Book Read Free

Mindfuck

Page 10

by Christopher Wylie


  Doing this research, I also began to see socially and economically deprived white people in a different way. It was clear that part of what underpins racist and xenophobic sentiment is a feeling of being threatened, reinforced through constant and salient “warnings” from sources like Fox News. One of the problems I noticed with the topical political debates on American cable news channels is the lack of nuance in labeling voter constituencies. White voters, Latino voters, women voters, suburban voters, etc., are all frequently discussed as unidimensional and monolithic groups, when in fact the salient aspects of many voters’ identities do not actually reflect the labels that pollsters, analysts, or consultants use to describe them. And this in turn alienates certain people. If you’re a white man living in a trailer, for example, you’re probably going to get angry when you are shown people on TV who are insisting that white people are super-privileged in this country. If you grew up using an outhouse, you probably don’t have much tolerance for a big discussion about whether trans people should be able to use the toilets of their choice. If you’re lower middle class and you see a black person on welfare, it’s not surprising that your attitude would be “Well, what about my welfare?” if you live in a state that has continually cut your support. This is not to defend these views, but if we want to understand them, we have to remain open to other perspectives, even ugly ones.

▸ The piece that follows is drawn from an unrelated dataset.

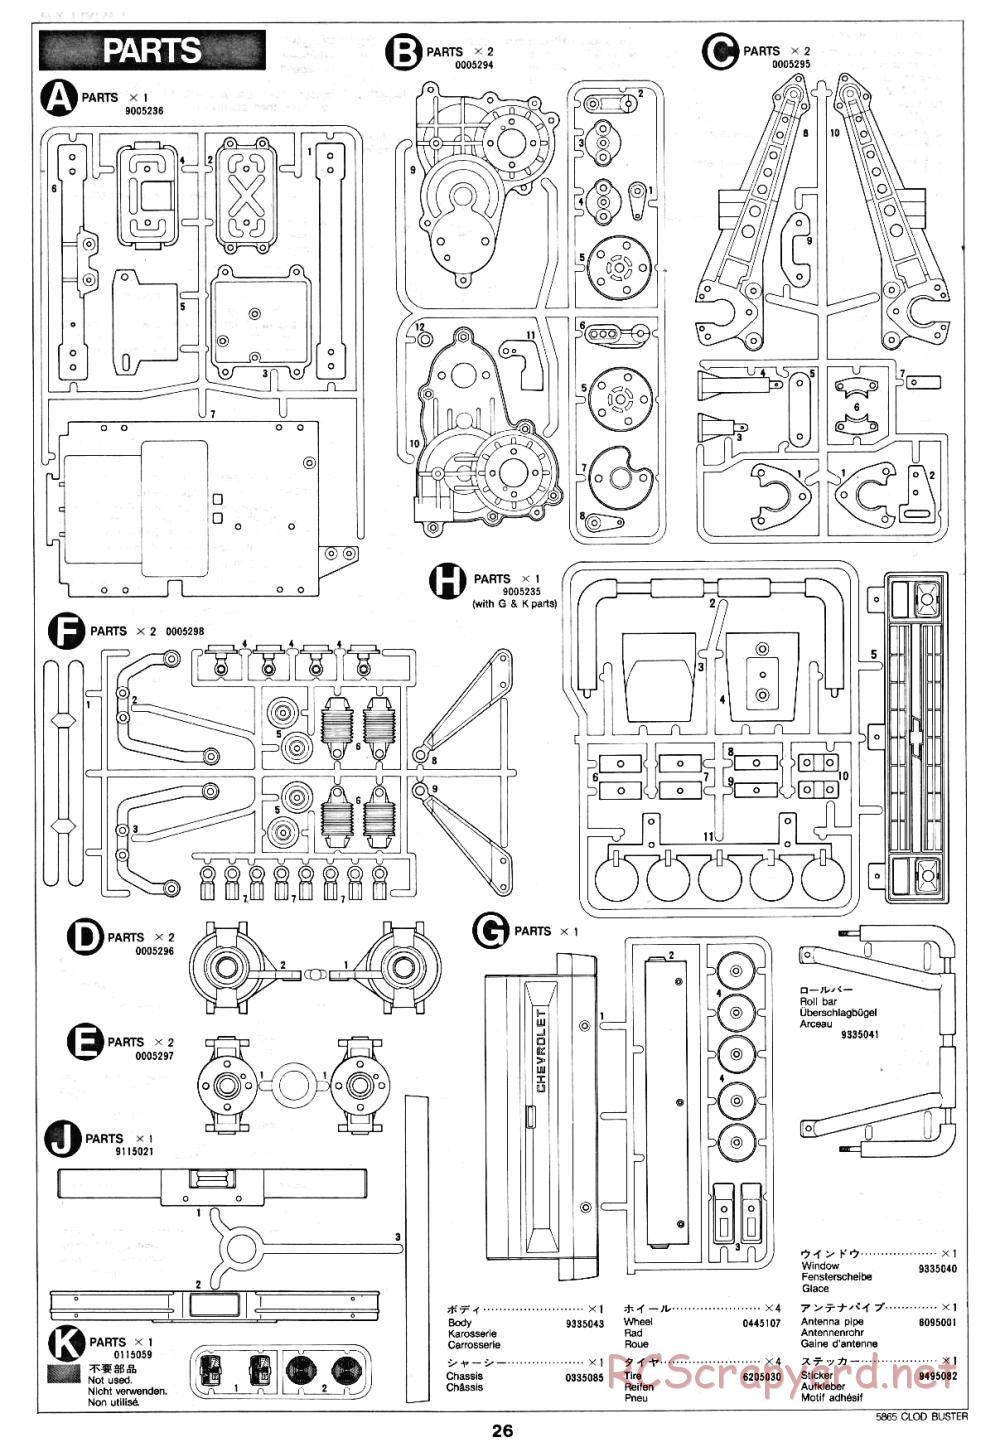 Tamiya - Clod Buster - 58065 - Manual - Page 26

  As part of our early exploration of American culture, we looked at two areas we thought might be at play in this social discord. First we looked at whether a sense of social identity threat was fueling some of these views. The second area was related but slightly different. A common logical fallacy that people have is seeing the world as a zero-sum game of winners and losers. This flawed logic extends into a perception that attention paid to other groups will ultimately mean less attention for people like them. Either way, minorities seemed to be “threats”—identity threats or threats to resources. Following this hypothesis of an underlying sense of threat, we wanted to see if we could mitigate some of these feelings, and we did so by trying to reduce the sense of threat. We would ask people in one study to imagine they were invincible superheroes who couldn’t be harmed or killed. We then asked them about types of people they ordinarily considered threatening—gays, immigrants, people of other races—and found that they had a more muted response to those “threatening” stimuli. If you are invincible, nothing can threaten you, not even the gays. This was fascinating for me and the team, as we were unpacking possible ways to mitigate underlying factors for racial tension. With each experiment, we learned more about how to manipulate outcomes according to people’s innermost traits.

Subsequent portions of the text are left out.